Sufficient coverage was achieved across all 67 clones, enabling the identification of mutations in each clone. The amplicon coverage varied from 313 fold to 6591 fold, with a mean coverage of 2455 fold (Additional file 1: Figure S2). Over 95% of clones were covered between 1/5th and 5 times the mean coverage indicating that our sequencing coverage was fairly uniform and that equalization of the individual PCR products was not required.
We visualized the data using Integrated Genomics Viewer (IGV) version 2.3.34 and annotated the mutations by visual inspection.
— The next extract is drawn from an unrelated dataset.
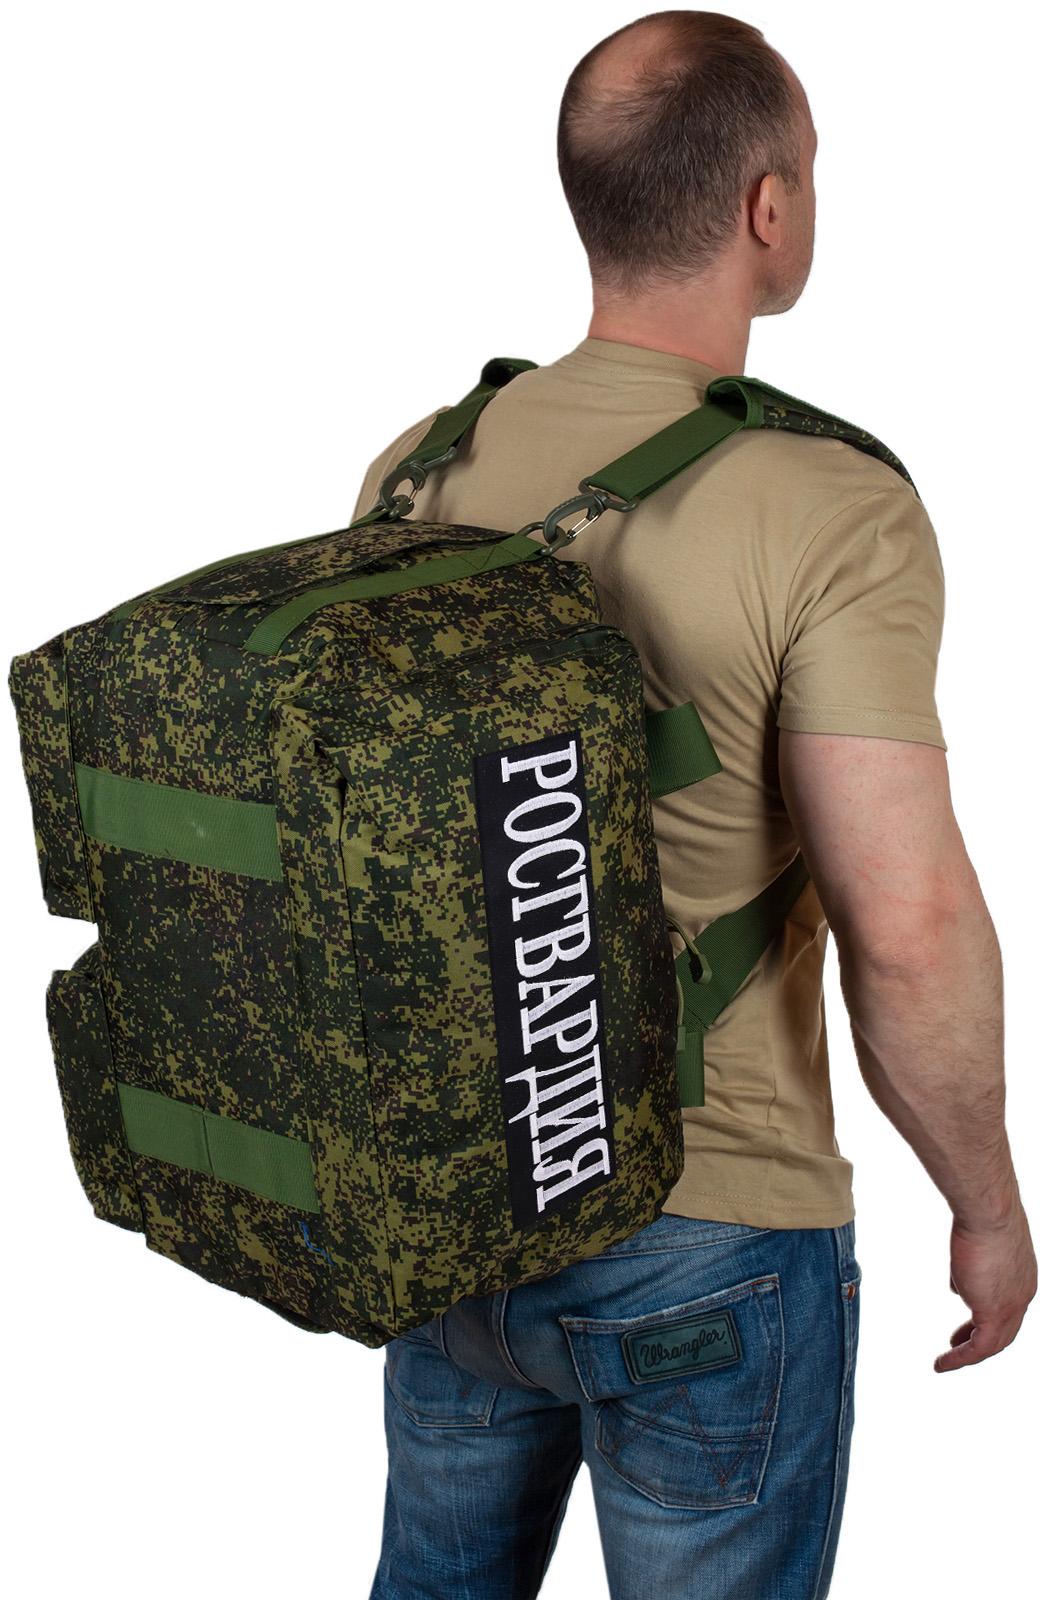 Купить армейскую пиксельную сумку Росгвардия по выгодной цене

Sequencing errors could easily be distinguished from real indels by the fact that they show an extreme strand bias and typically occur in the same position in multiple samples [18, 19] (Figure 3). Bona fide mutations generally map in roughly equal proportions to both strands (Figure 3B).
As has been reported previously, the incidence of CRISPR-Cas9 induced mutations was very high (65 out of 67 clones showing some form of genetic insult) and all mutations were located close to the targeted sequence [7] (Figure 3A). Our technique allowed us to distinguish heterozygous mutants from homozygous mutants, as well as identify samples that contained more than two different types of mutations indicating a mixed clone. Overall we identified 10 homozygous mutants, 27 compound heterozygotes, 4 heterozygotes, 2 wildtypes, and 21 clones that showed more than two different alleles (3 clones could not be mapped).
We suspect that the mixed clones are likely the result of sorting multiple cells into a single well during the FACS process or ongoing pCas9 activity after cell division, resulting in different mutations in each daughter cell. Importantly, using our screening method, we were able to identify the presence of mixed clones, which could be missed when screening using plasmid-cloning and Sanger sequencing. Establishing the integrity of the derived clones is essential for downstream analysis, especially when the desired result is the complete disruption of the targeted gene. Once identified, mixed clones can either be avoided in subsequent functional assays, or clonally isolated by serial dilution.